Saturday, January 15, 2005

About Schmidt (DVD)

(Dir Alexander Payne, with Jack Nicholson (and no-one else really, as his character is so dominant))

This is a troubling film. I really don't know why it was made, because it is so far removed from Louis Begley's book. The only three points of contact between the two is that there is an old man who retires, his wife dies shortly thereafter and he has problems getting on with his daughter (Hope Davis). Even the name is changed: in the book, he is called Schmidt throughout whereas he goes by his first name, Warren, in the movie.

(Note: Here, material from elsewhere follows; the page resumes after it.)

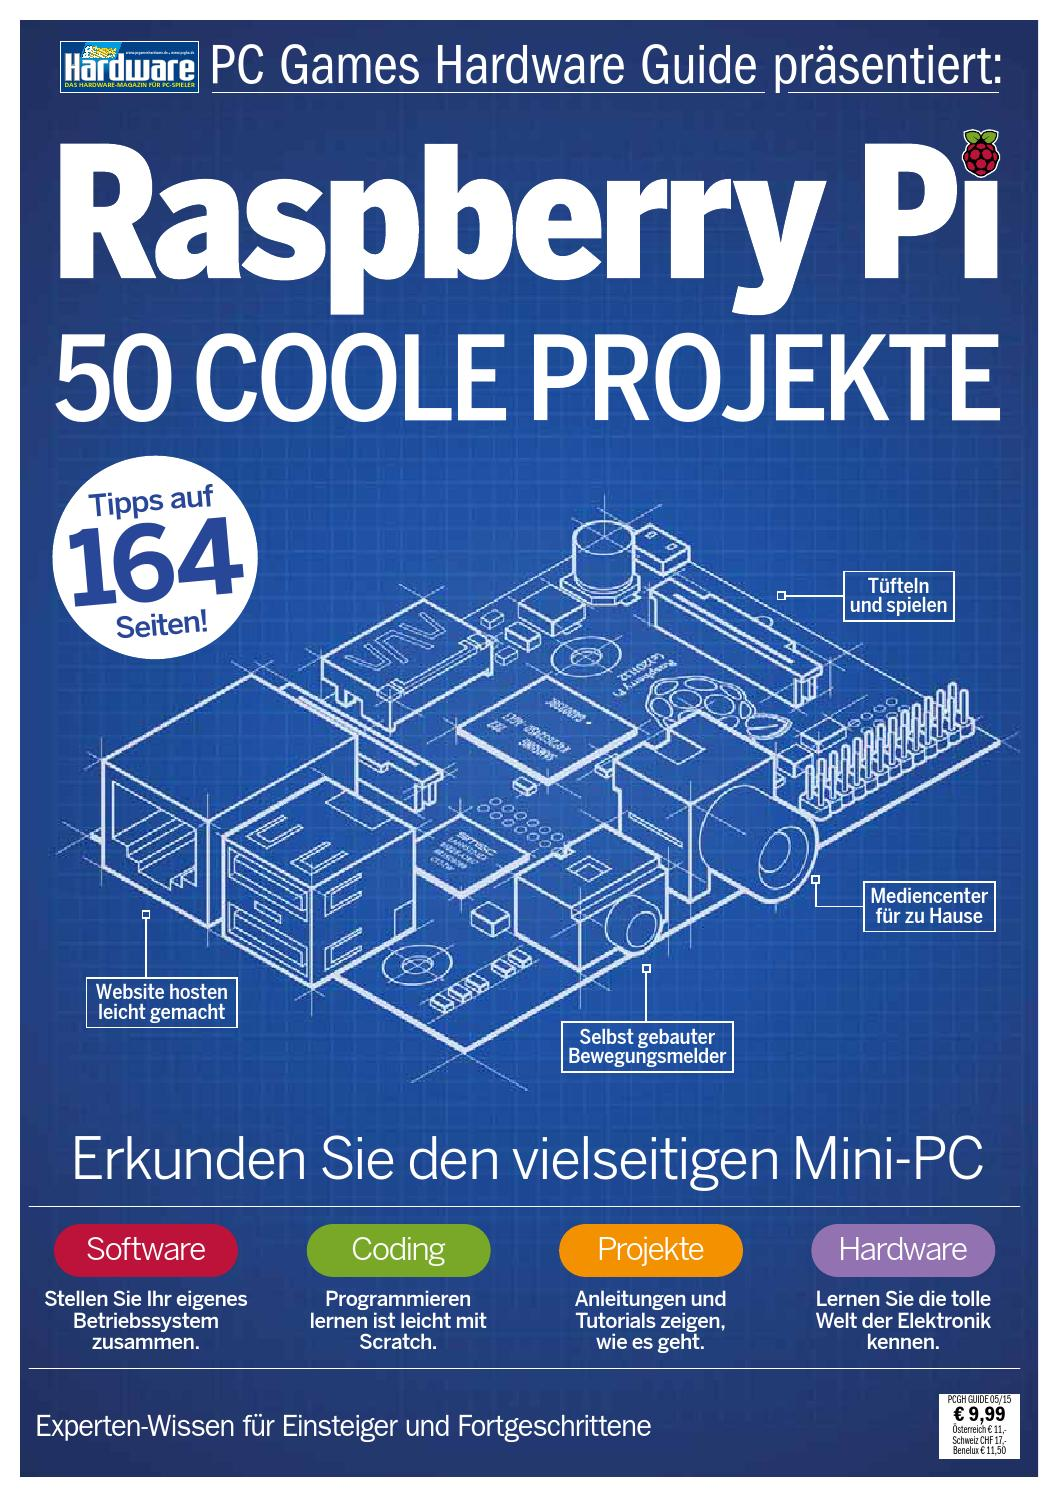 Raspberry Pi 50 Coole Projekte by Zockerstübchen - issuu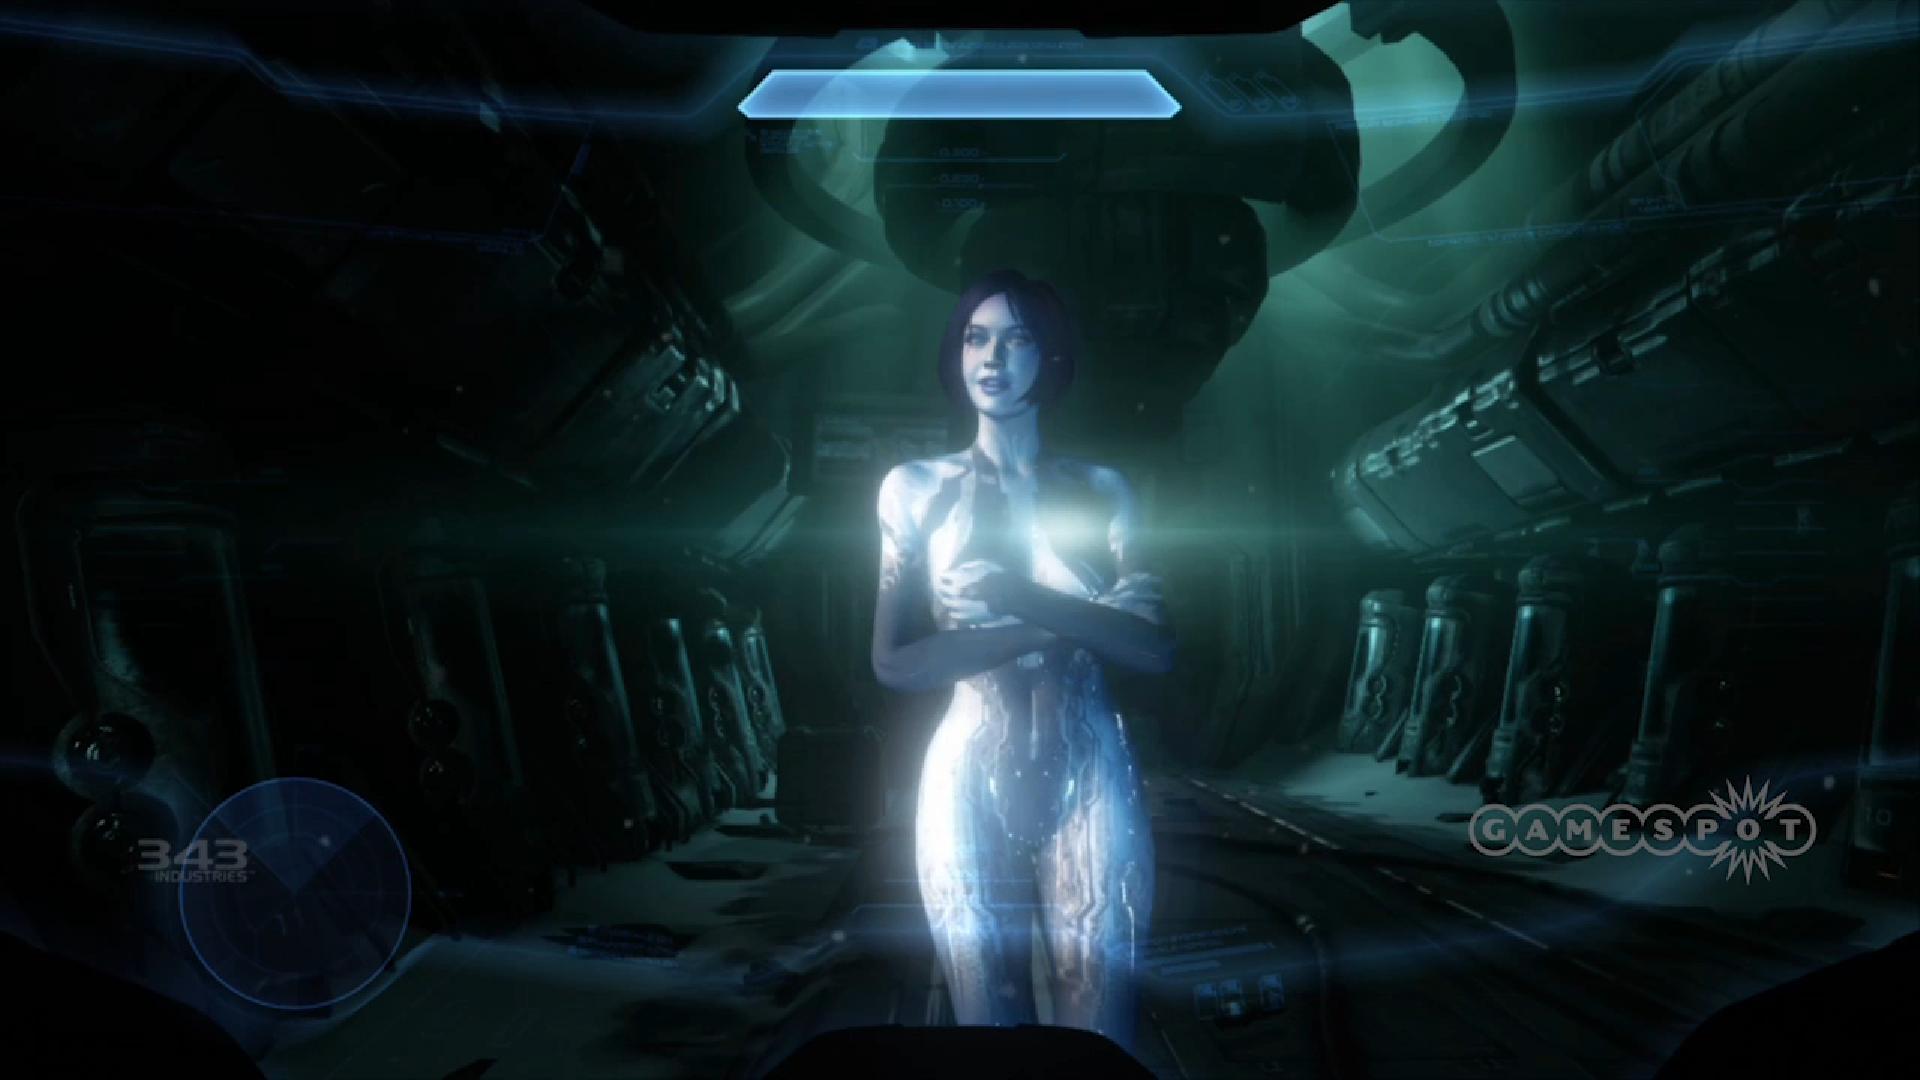 Cortana S Face From Halo 4 Looks Similar To Legacy Halo

In the book, Schmidt is a fairly formidable lawyer, the kind of fellow Louis Auchnicloss wrote about. His daughter has chosen to marry a lawyer from within her dad's firm, which is distasteful to him on two levels: the fellow is a Jew and is the next generation, someone who will usurp his place in the hierarchy. So, this opens up plenty of scope for self-recognition and questioning in the book: is Scmidt an anti-semite? But his best friend is a Jew! Is he really feared and disliked by all of his colleagues? What of his relationship with his daughter? Is there a struggle between them, in which he struggles to maintain his assets from her clutches and indeed struggles to maintain any credibility in her eyes? The movie strips away all of these nuances and oversimplifies it, by having the daughter getting hooked up with a no-hoper (Dermott Mulroney).

It also has him running away from everything by taking off in a stonking big motorhome and then having a final showdown/conciliation with his daughter and her new inlaws. In the book, he stays in his big house and reflects on his relationship with his late wife (which was characterised by her distaste for physical contact) and the one affair he had . Unbelievably, he then has an affair with a beautiful latino waitress in his local diner, who has a loser boyfriend. Then, when he takes a fall, he finds himself dependent upon that "loser" boyfriend who has taken over as general handyman and man of all sorts around the house.

That would have made for an interesting movie, one which it would not have been impossible to make. Instead, we get this. I know others have rated it highly. I think the book got in the way for me. I do agree with them about the quality of Nicholson's performance, and the fact that we are so used to seeing him in powerful roles adds an extra dimension to see him playing such a lost character.